Adagrasib is typically administered at a dose of 600 mg orally twice daily. It is available in 150 mg tablets, so the standard regimen involves taking four tablets per dose. Dose adjustments may be required for patients experiencing adverse reactions or those with moderate hepatic or renal impairment, following a healthcare provider’s guidance.

DRUG INTERACTIONS

Adagrasib is metabolized by CYP3A4, so inhibitors may increase its levels and inducers may reduce its effectiveness. It also weakly inhibits P-glycoprotein, potentially affecting other medications.

FOOD INTERACTIONS

Adagrasib can be taken with or without food, as meals have minimal impact on its overall absorption.

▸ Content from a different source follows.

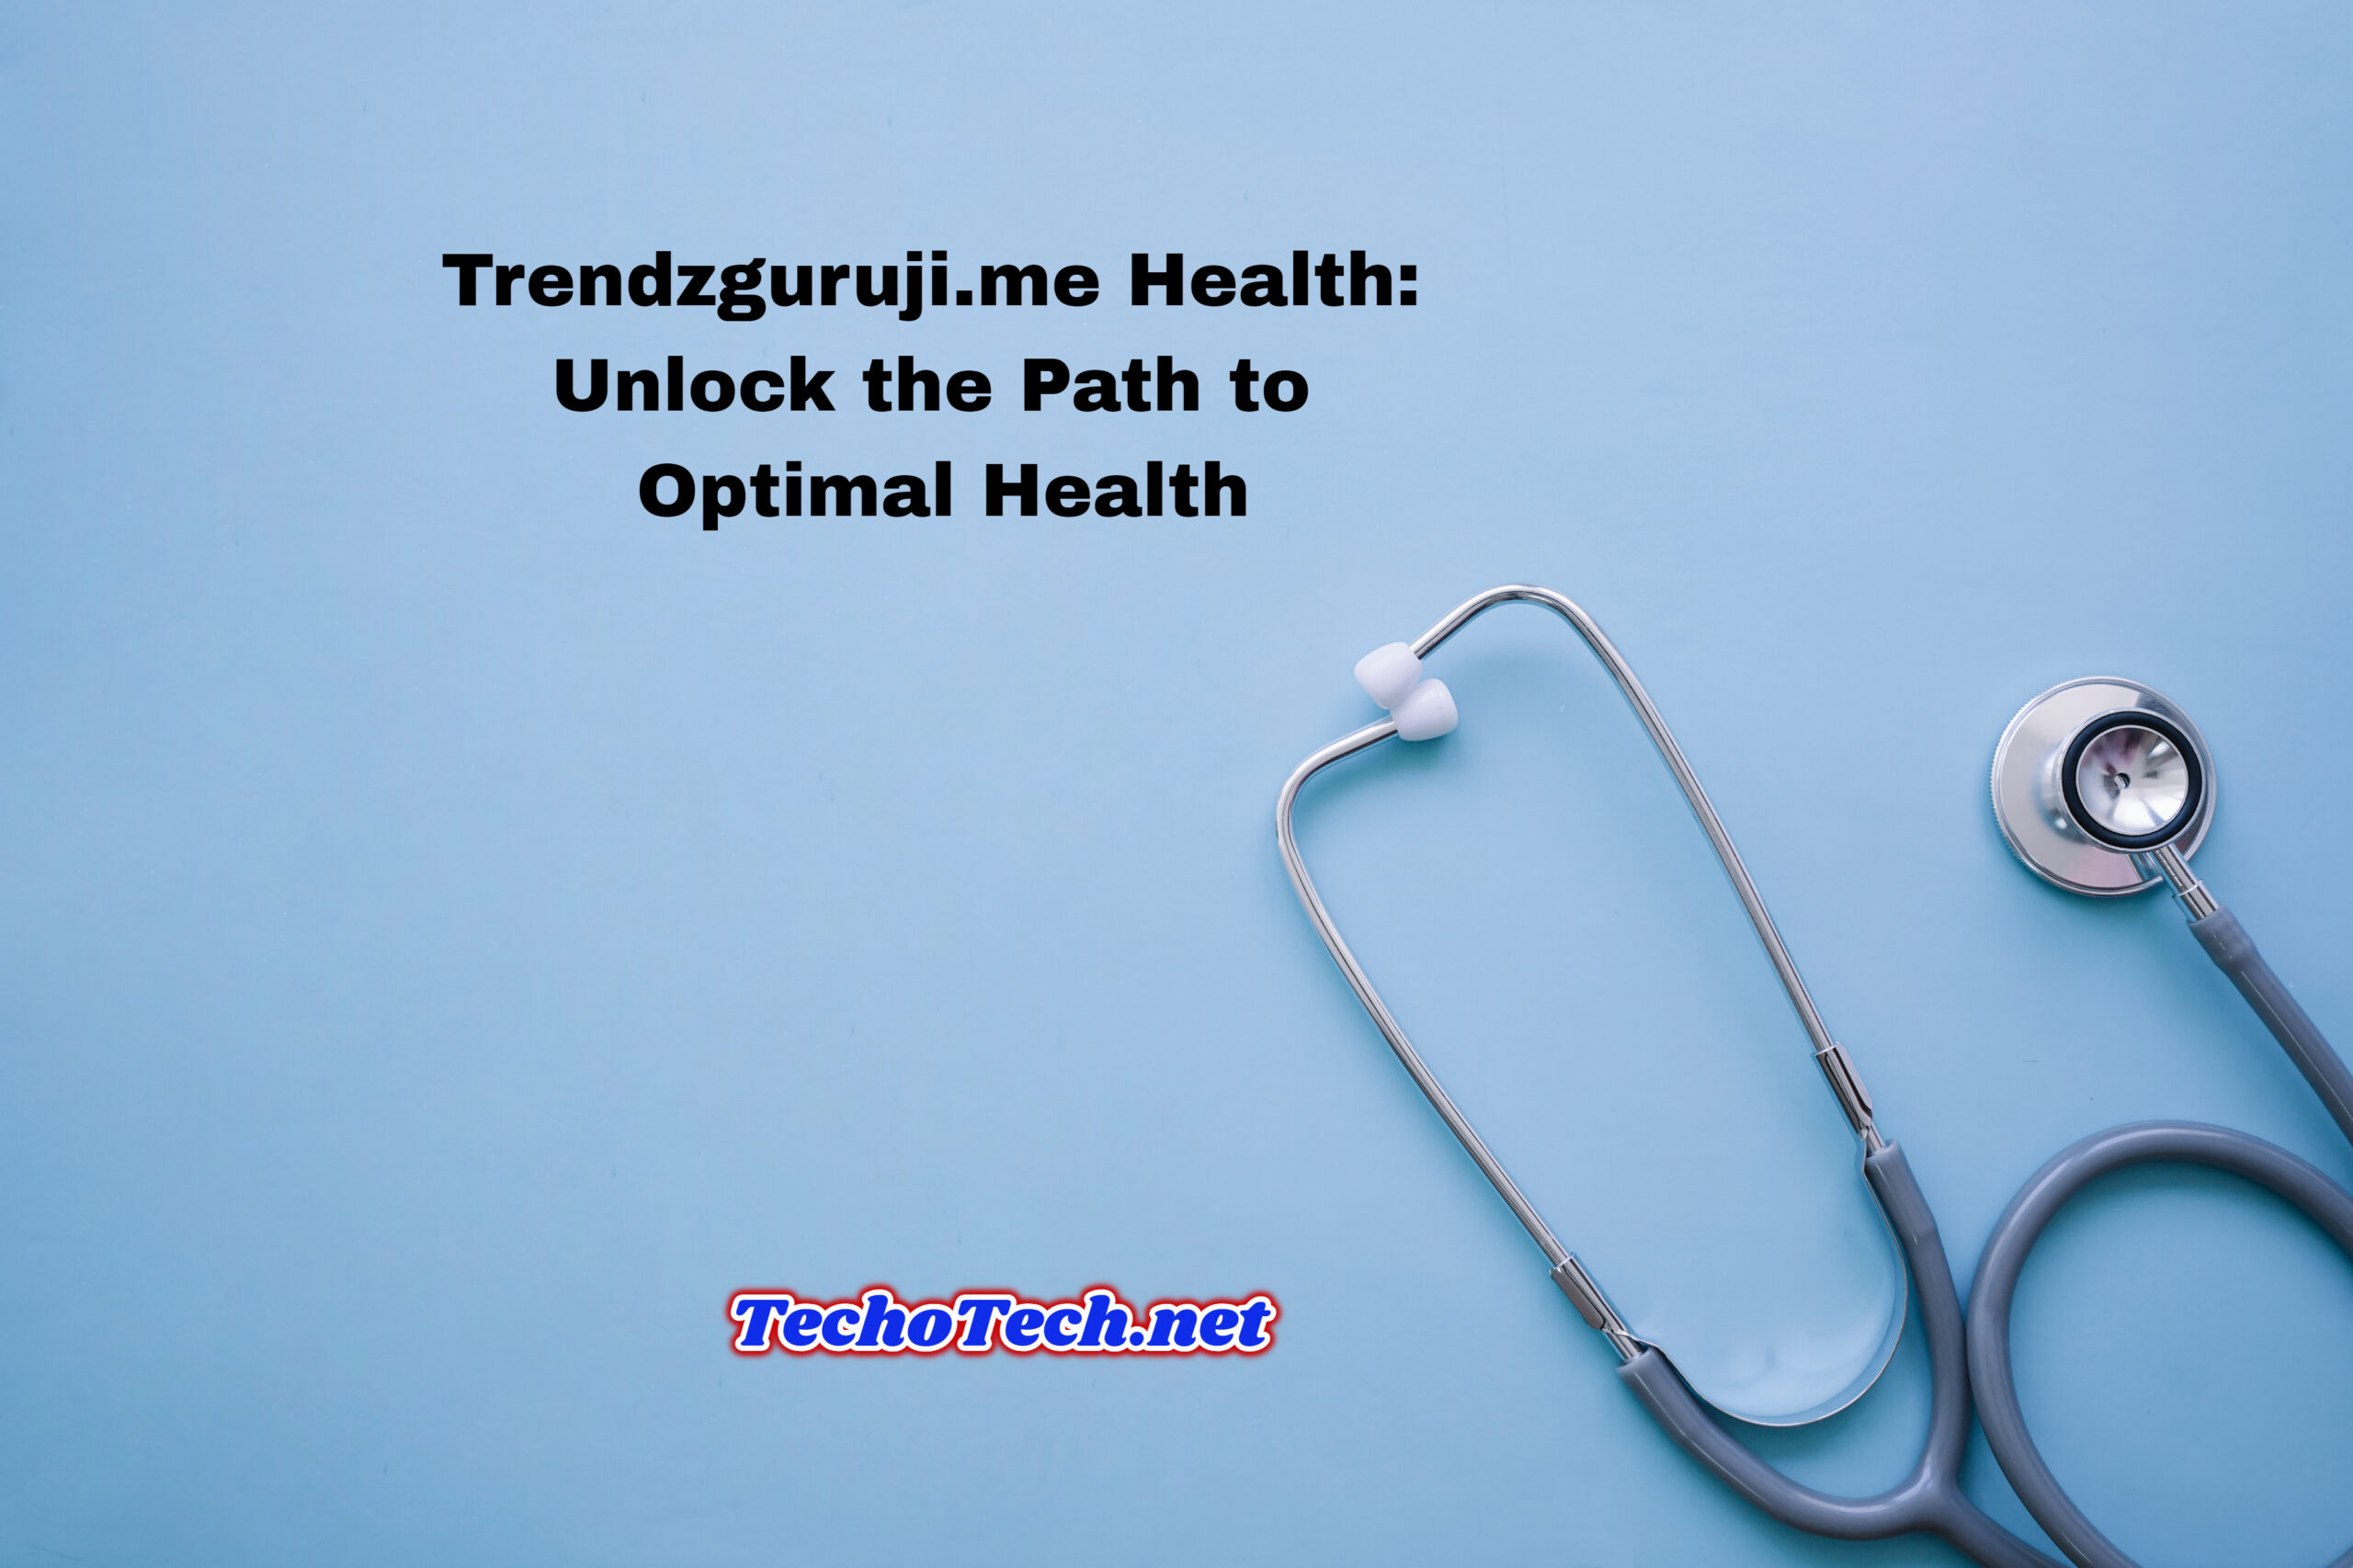 Trendzguruji.me Health: Unlock the Path to Optimal Health

High-fat or large meals may slightly delay the time to peak concentration but do not significantly affect drug exposure.

CONTRAINDICATIONS

Adagrasib is contraindicated in patients with a known hypersensitivity to adagrasib or any of its excipients. Caution is also advised in individuals with severe hepatic impairment or those taking strong CYP3A4 inducers, as these conditions can significantly alter drug levels and increase the risk of toxicity.

SIDE EFFECTS

Common side effects:

• Diarrhea.

• Nausea.

• Vomiting.

• Fatigue.

• Elevated liver enzymes.

• Decreased appetite.

Less frequent but serious adverse effects:

• Hepatotoxicity.

• Interstitial lung disease.

• QT interval prolongation.

TOXICITY

Adagrasib’s toxicity profile is generally manageable but can include hepatotoxicity, gastrointestinal toxicity (diarrhea, nausea, vomiting), and cardiac effects such as QT interval prolongation. Severe or prolonged toxicities may requiredose interruption, reduction, or discontinuation. Close monitoring of liver function, electrolytes, and cardiac status is recommended during treatment to minimize risks.